I am looking for breeders either in Europe or USA or Canad that export.

Price range upto £5,000.

Thanks.


----------



## holland (Jan 11, 2009)

I am sure for L 5000 you'll be able to find a quality breeder


----------



## Gwyllgi (Aug 16, 2017)

True but many do not export.


----------



## carmspack (Feb 2, 2011)

Does Britain still have a quarantine period .

I know that after the Chunnel things eased up somewhat .


----------



## Gwyllgi (Aug 16, 2017)

4 mths quarantine or can come in on pet passport, pup has to be over 16 weeks.


----------



## wolfstraum (May 2, 2003)

there are literally hundreds of breeders in Europe who will send you a puppy and accommodate the pet passport requirements.....finding one to send you a good, stable pup instead of one they want to cull is another matter....I have watched people post about a puppy they are importing over and over and over - all excited to be getting a pup from a world champion or a well known kennel only to watch the reality of being sent a cull play out on this board.....even when warned over and over I remember one girl who was CONVINCED her world champion sired puppy was going to be a great sport dog.......he wasn't. 

You need to network into a breeder or broker through someone known to them.


Good Luck!


Lee


----------



## carmspack (Feb 2, 2011)

I think you can find what you are after right at home !

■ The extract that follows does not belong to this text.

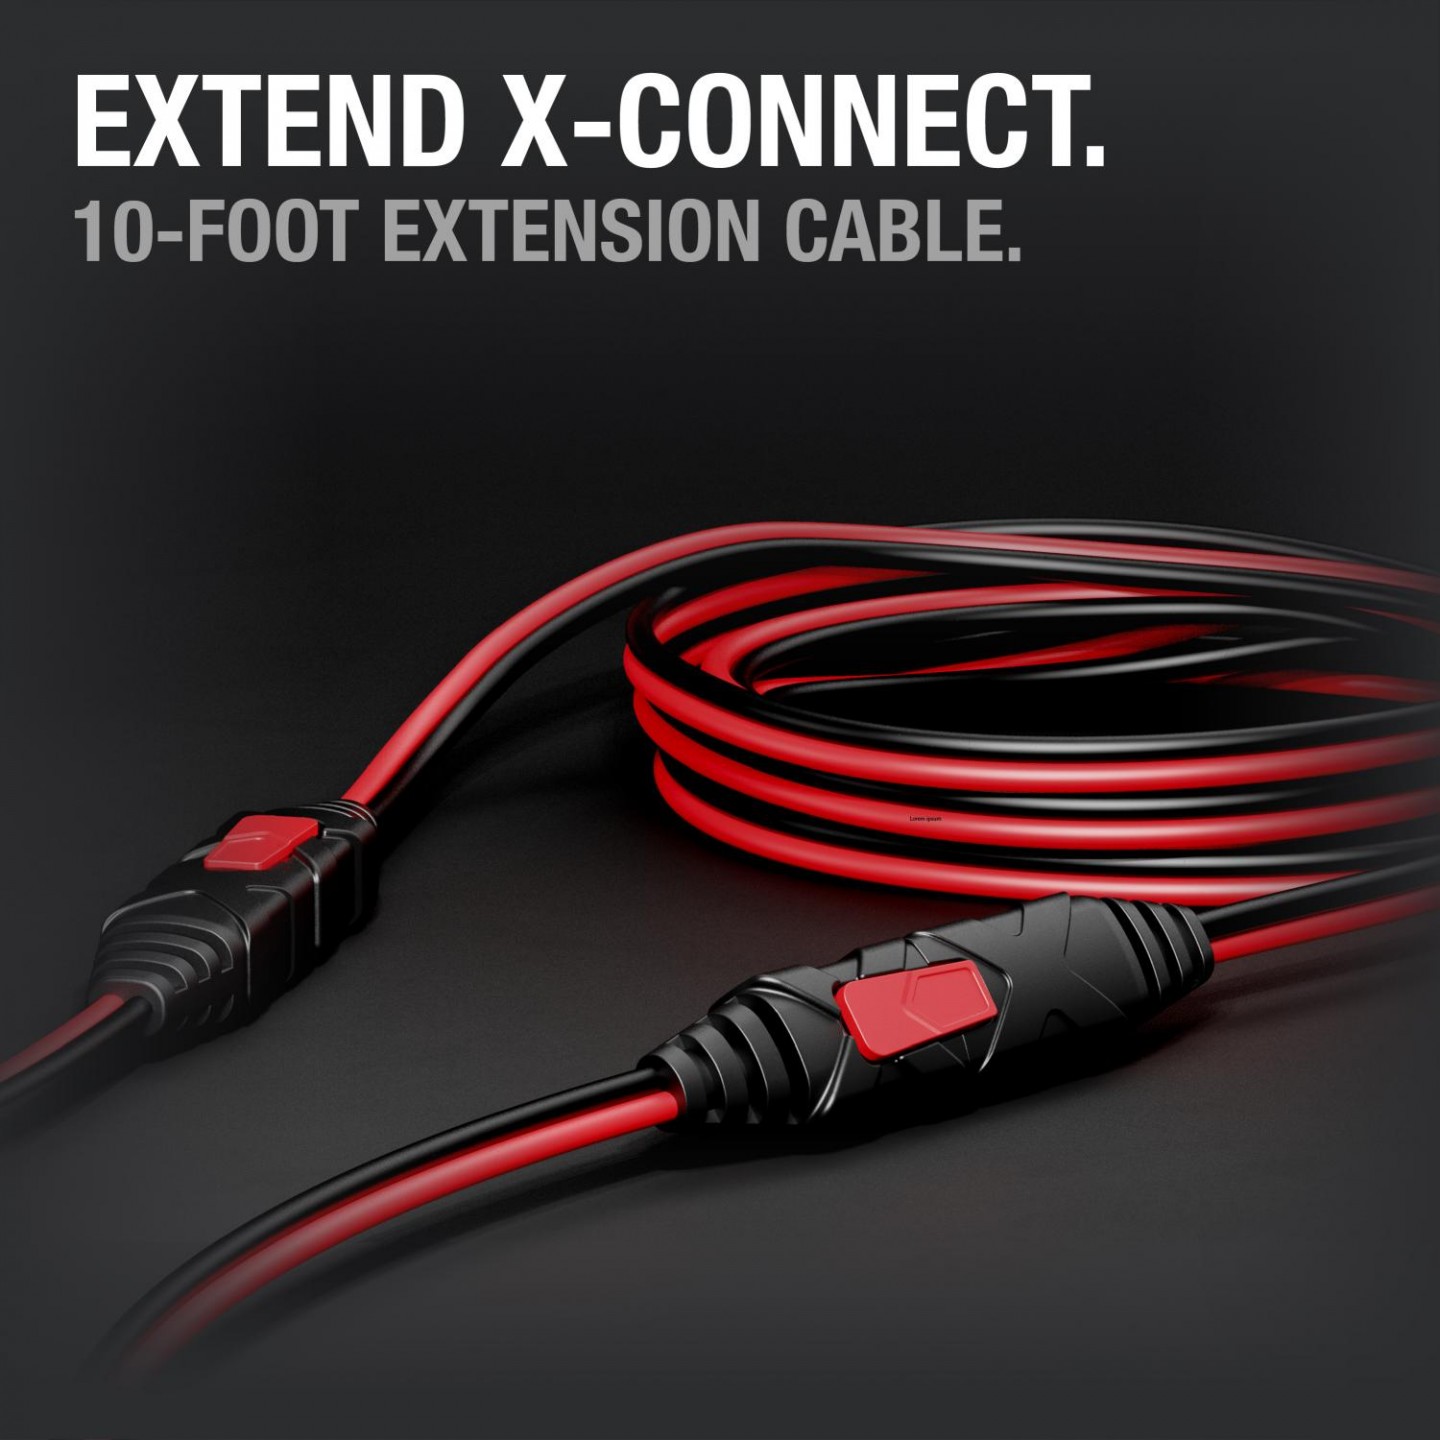 NOCO - X-Connect 10' Extension Cable - GC004

Many years ago I was on a forum where this breeder was also a member . Her name is Margaret Nyrvana-Jones .

We wrote back and forth many times . I knew people that knew her, professional dog handlers, that were impressed by her .

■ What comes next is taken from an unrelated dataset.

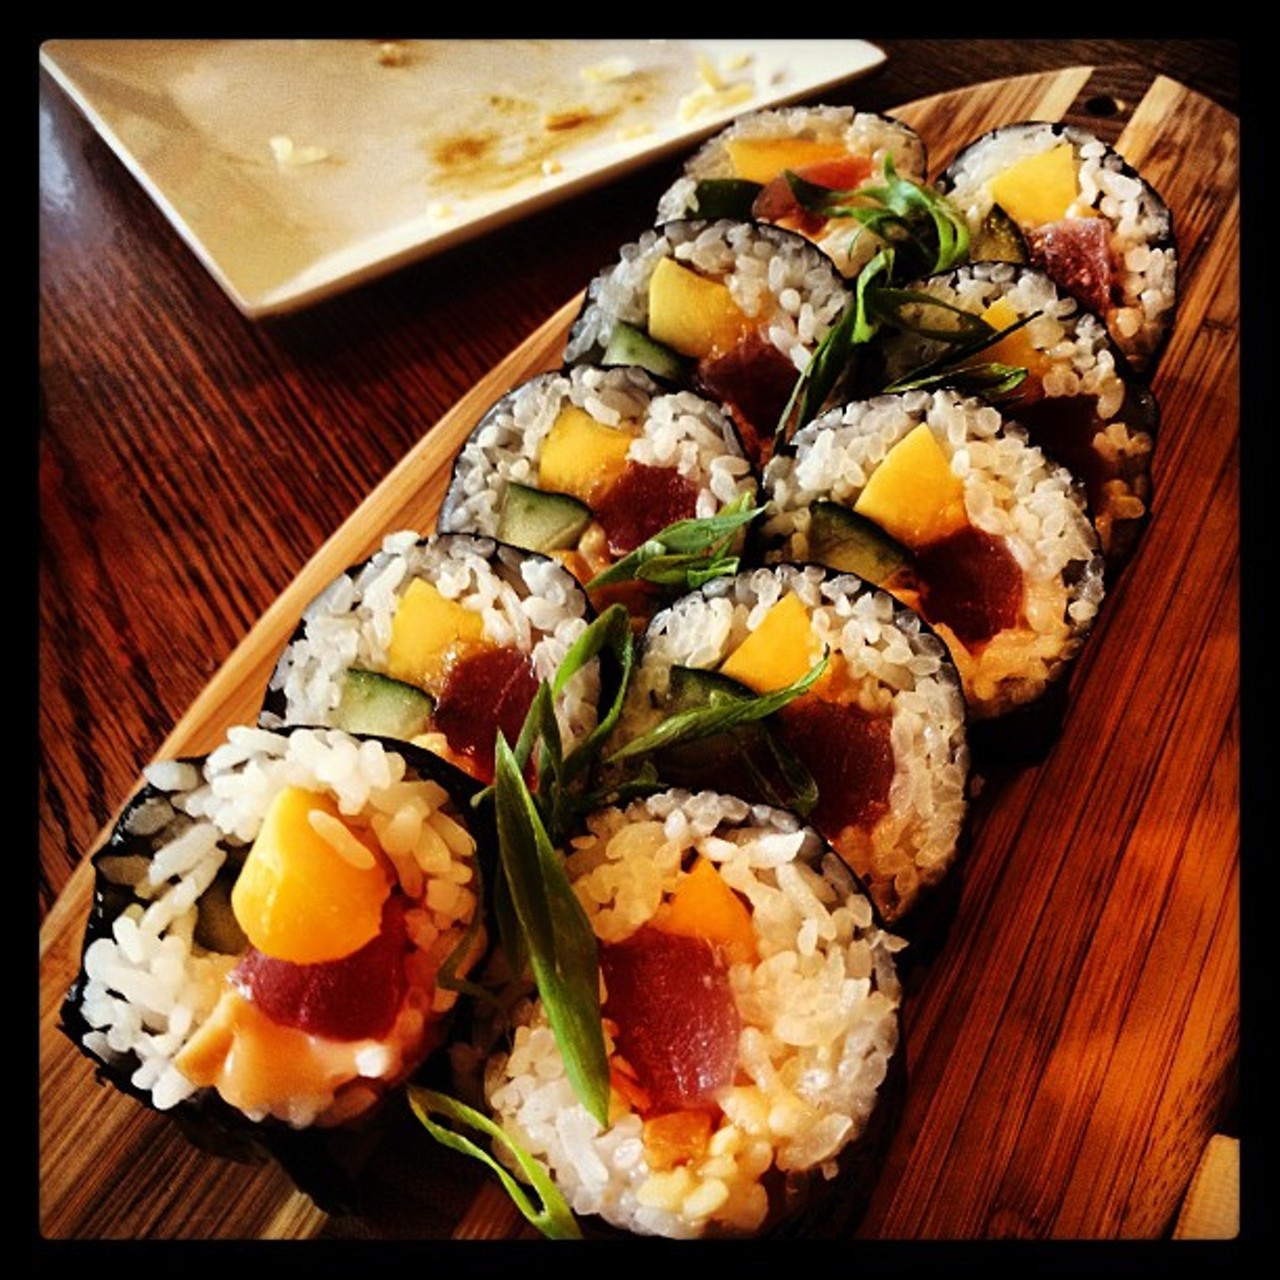 Sushi Rock still has the best sushi happy hour with their Tsunami Night. Every Thursday, almost every sushi roll is half price.

here is a link to her web site The Lodge Kennels - DDRLines 
The Lodge Kennels - Videos


----------



## Gwyllgi (Aug 16, 2017)

wolfstraum said:


> there are literally hundreds of breeders in Europe who will send you a puppy and accommodate the pet passport requirements.....finding one to send you a good, stable pup instead of one they want to cull is another matter....I have watched people post about a puppy they are importing over and over and over - all excited to be getting a pup from a world champion or a well known kennel only to watch the reality of being sent a cull play out on this board.....even when warned over and over I remember one girl who was CONVINCED her world champion sired puppy was going to be a great sport dog.......he wasn't.
> 
> You need to network into a breeder or broker through someone known to them.
> 
> ...


Yes, that is the reason why I am asking for recommendations; I don’t want to end up with a dog that is good in name only.



carmspack said:


> I think you can find what you are after right at home !
> 
> Many years ago I was on a forum where this breeder was also a member . Her name is Margaret Nyrvana-Jones .
> 
> ...


I remember Margaret Nyrvana-Jones from the 1990's , she bred long coated GSD's 
back then. I know she purchased some DDR and Czech back in 2003 and 2006 but she has added other working lines into the breeding.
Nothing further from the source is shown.